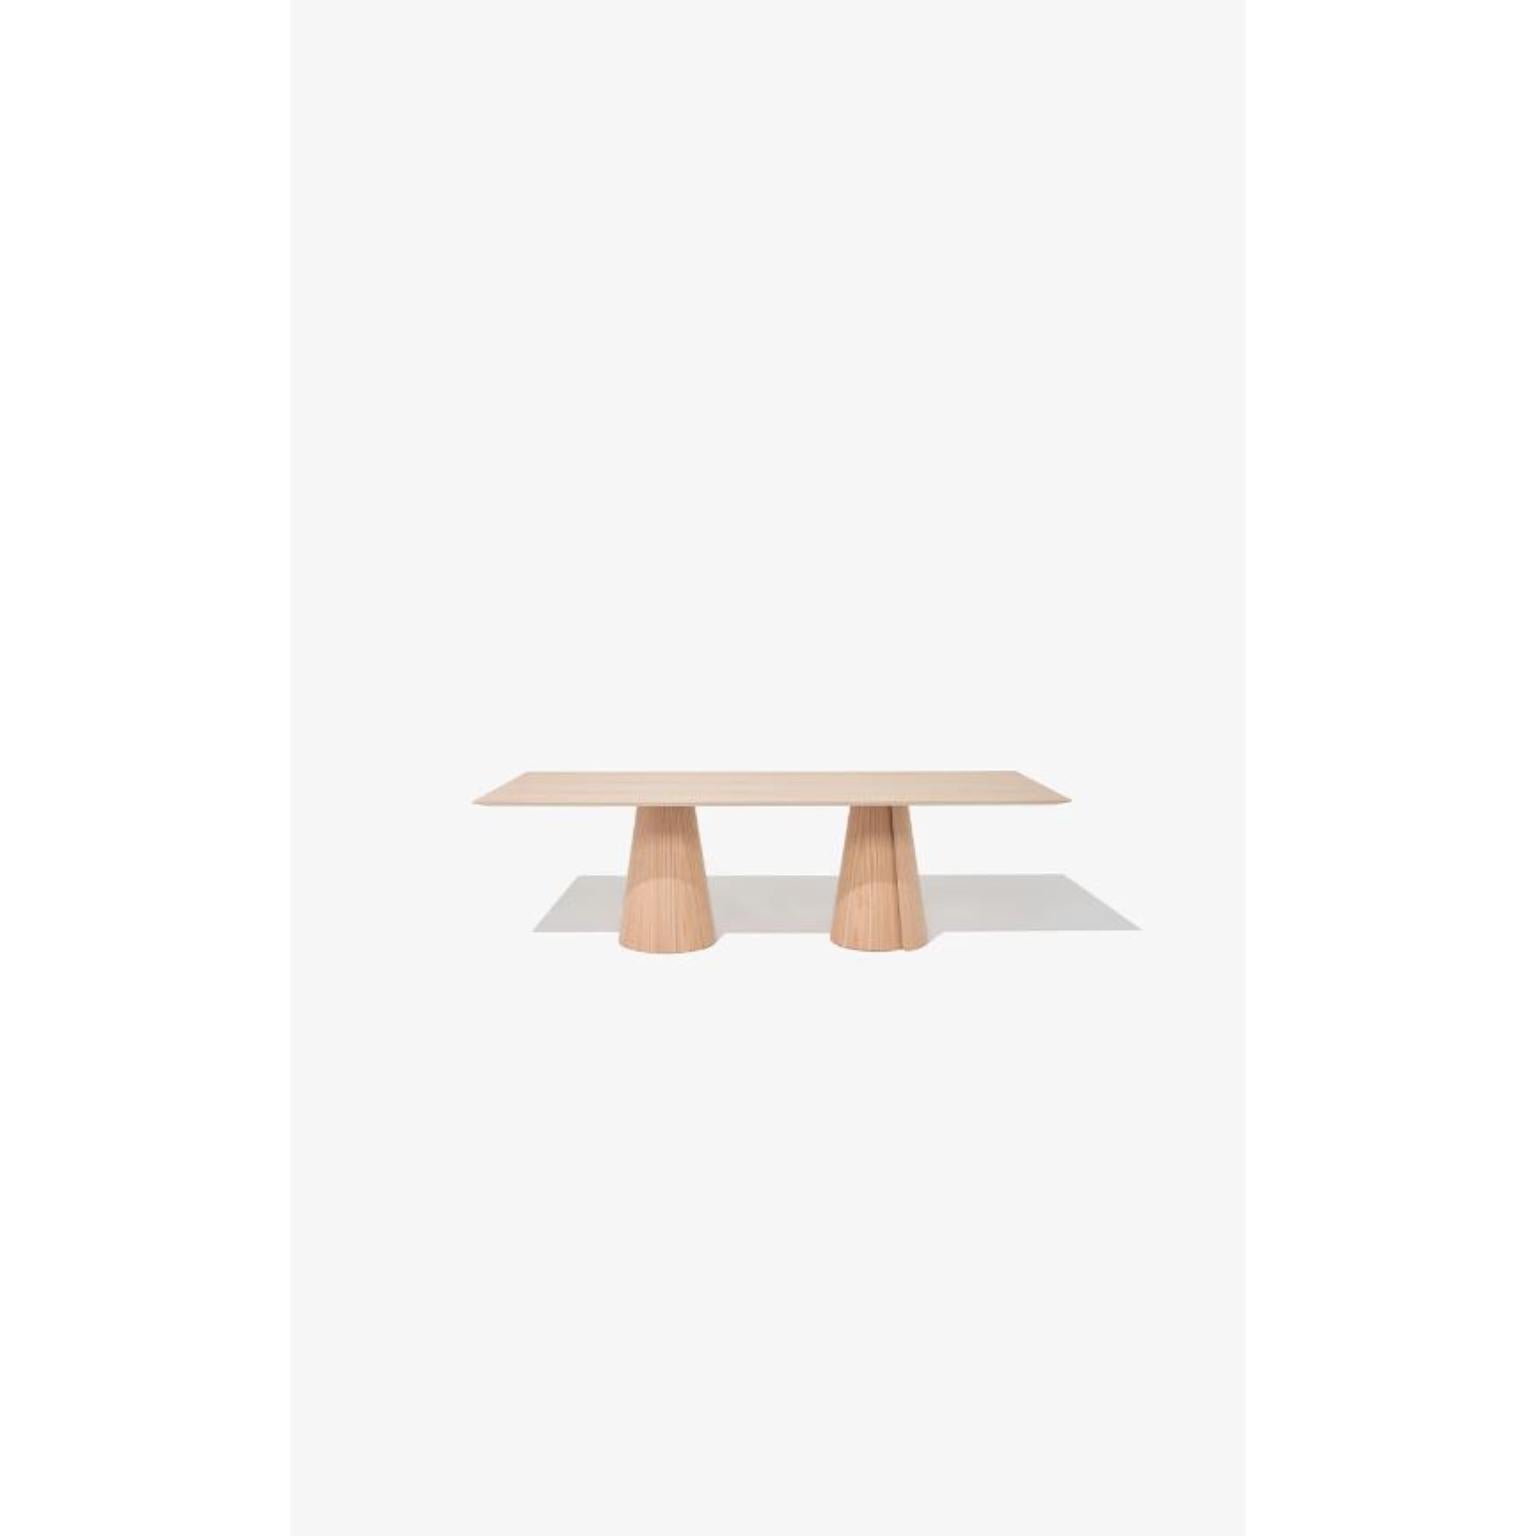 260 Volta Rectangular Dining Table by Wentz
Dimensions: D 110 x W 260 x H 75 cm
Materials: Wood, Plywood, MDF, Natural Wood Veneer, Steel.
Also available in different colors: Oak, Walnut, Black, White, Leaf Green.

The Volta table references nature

---

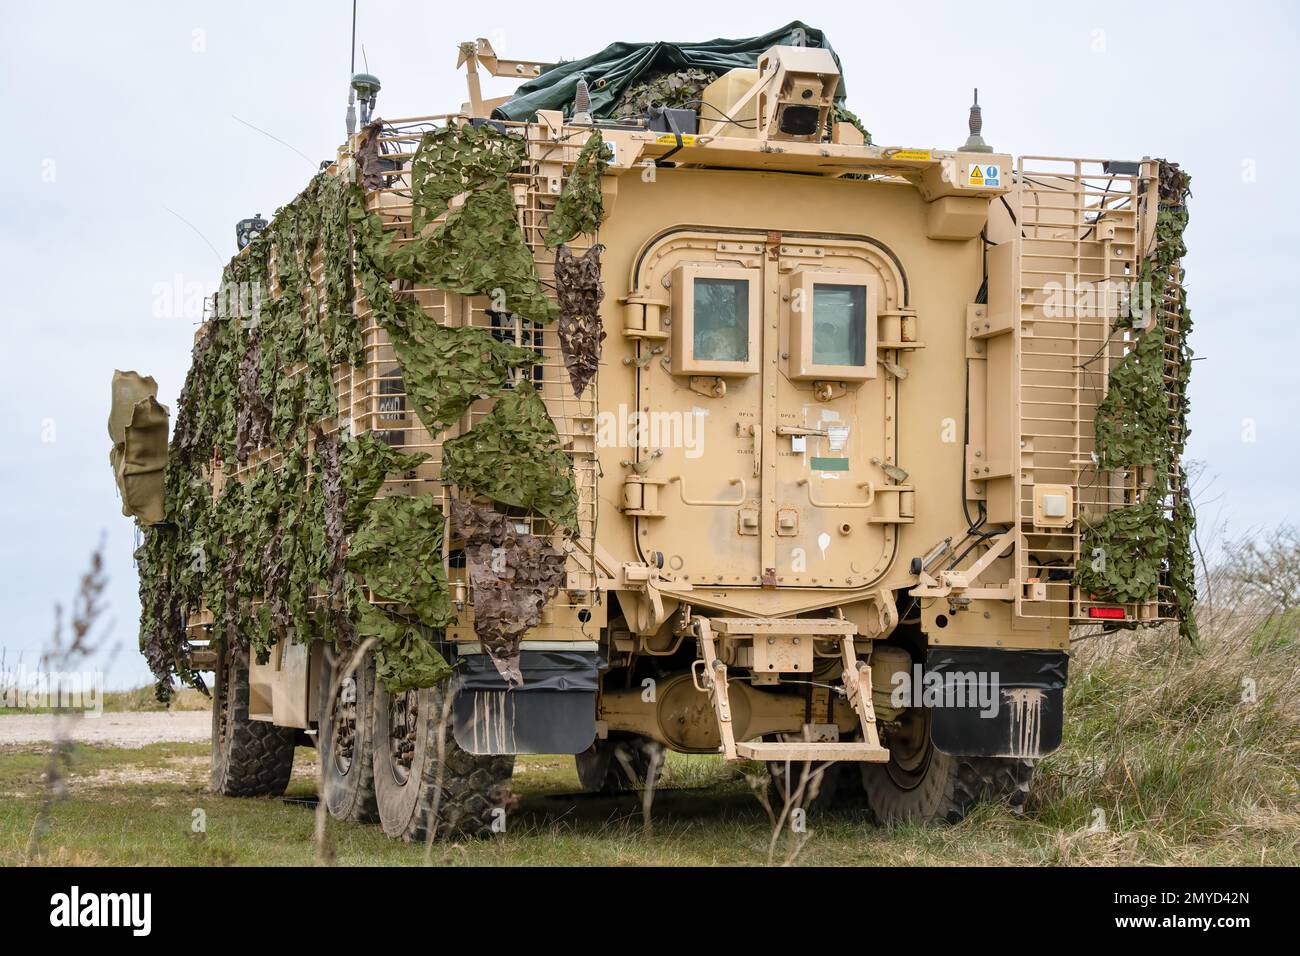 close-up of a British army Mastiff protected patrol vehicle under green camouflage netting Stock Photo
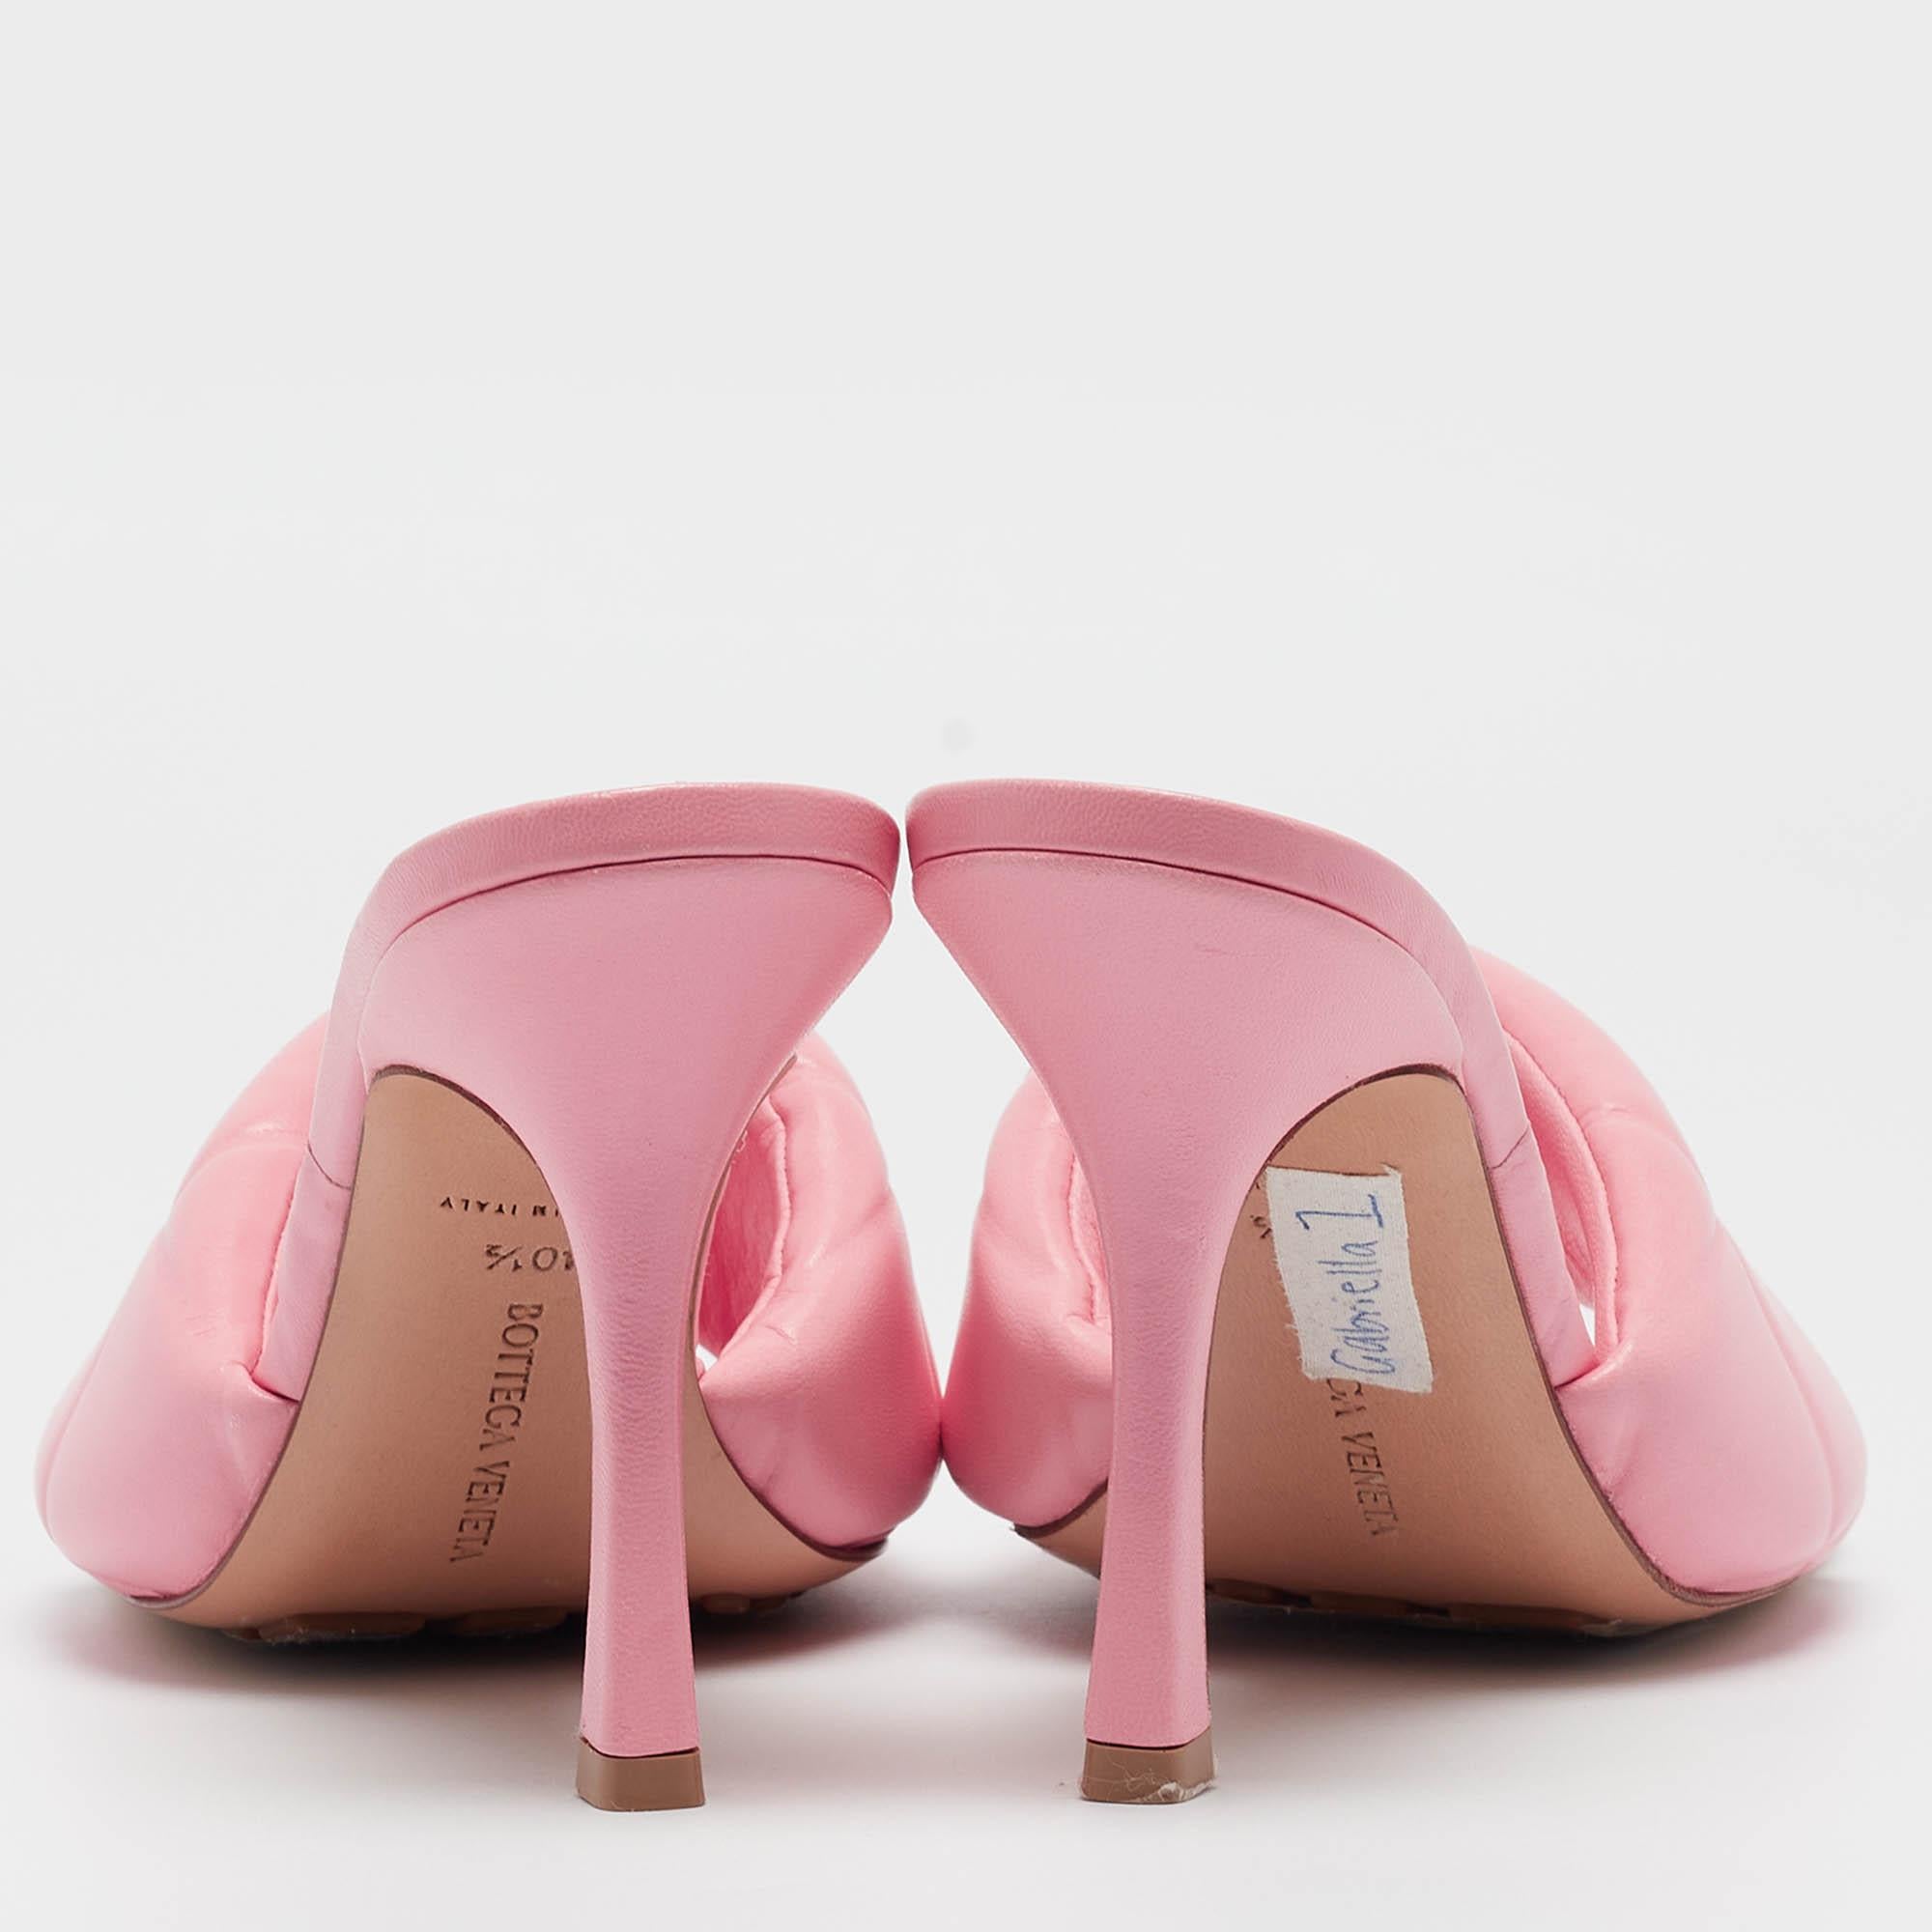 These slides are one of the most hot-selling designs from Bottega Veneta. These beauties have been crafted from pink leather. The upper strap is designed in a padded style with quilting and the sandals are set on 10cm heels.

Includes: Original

### TASK STATEMENT
In the entries above, find the line that contains "260 Volta Rectangular Dining Table by Wentz" and the line that contains "The Volta table references nature". Reproduce exactly those two lines and every line between them, but not the pictures.

### EXERCISE OUTPUT
 260 Volta Rectangular Dining Table by Wentz
Dimensions: D 110 x W 260 x H 75 cm
Materials: Wood, Plywood, MDF, Natural Wood Veneer, Steel.
Also available in different colors: Oak, Walnut, Black, White, Leaf Green.

The Volta table references nature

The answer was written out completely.